Campaign co-ordinator Helen Lowry, of the Migrant Rights Centre Ireland (MRCI) said Taoiseach Enda Kenny had shown a deep understanding of the plight of the undocumented Irish, separated from families and living in the shadows, in the United States.

“It is time for him to acknowledge the people here in Ireland in exactly the same situation,’’ she added.

“Regularising undocumented migrants in Ireland would bring them out from the shadows and into the system.’’

Ms Lowry said this would be good for society and the economy and would strengthen the Government’s case for the Irish in the US. “It is the right and smart thing to do,’’ she added.

She said by the time the Taoiseach arrived in the White House for the traditional St Patrick’s Day celebration, he would have received emails from over 2,000 people throughout the country urging him to act on behalf of the undocumented in Ireland.

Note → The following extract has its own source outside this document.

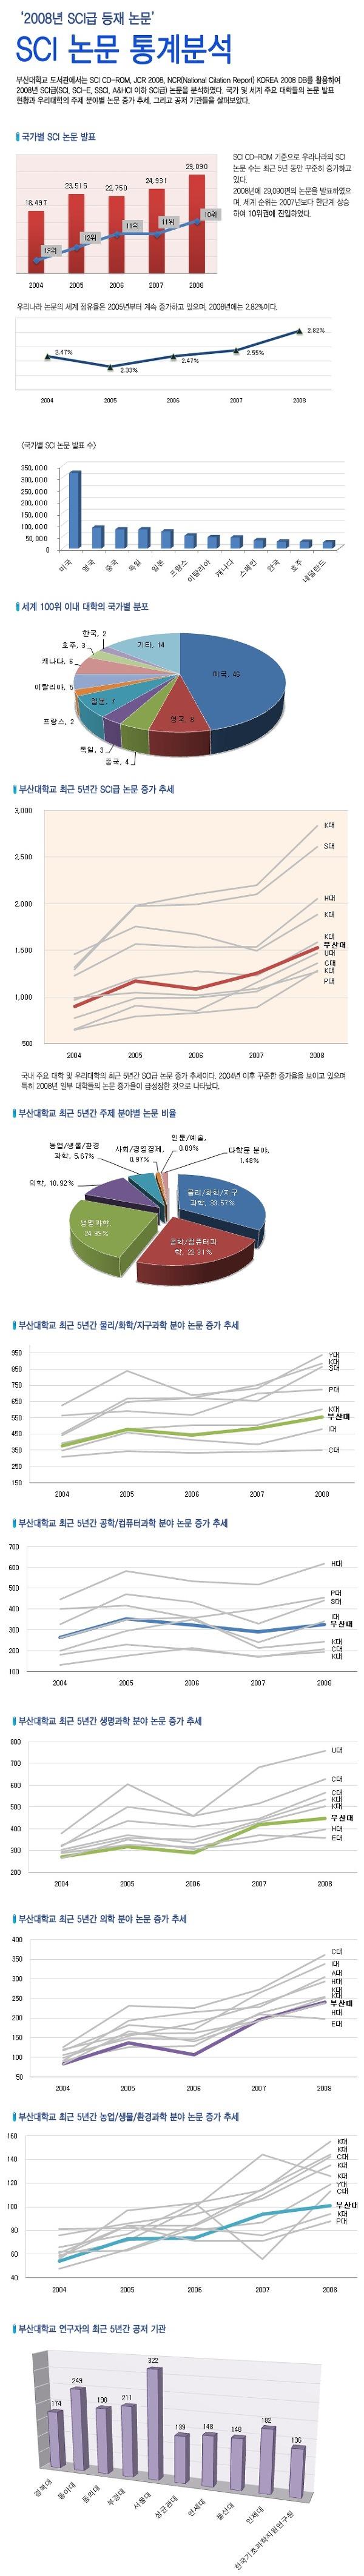 [16호] SCI 논문 통계분석

Jayson Montenegro, from the Philippines, a Dublin-based carer, said he had been one of the undocumented since coming to Ireland 11 years ago.

He said he had come to the country to ensure his three children had “a good future’’, given that he could not support them at home.

“Undocumented people in Ireland share the struggles and fears of the undocumented Irish in America, and we share their hopes and dreams, too,’’ he added.

Mr Montenegro said he found Irish people “friendly and welcoming’’.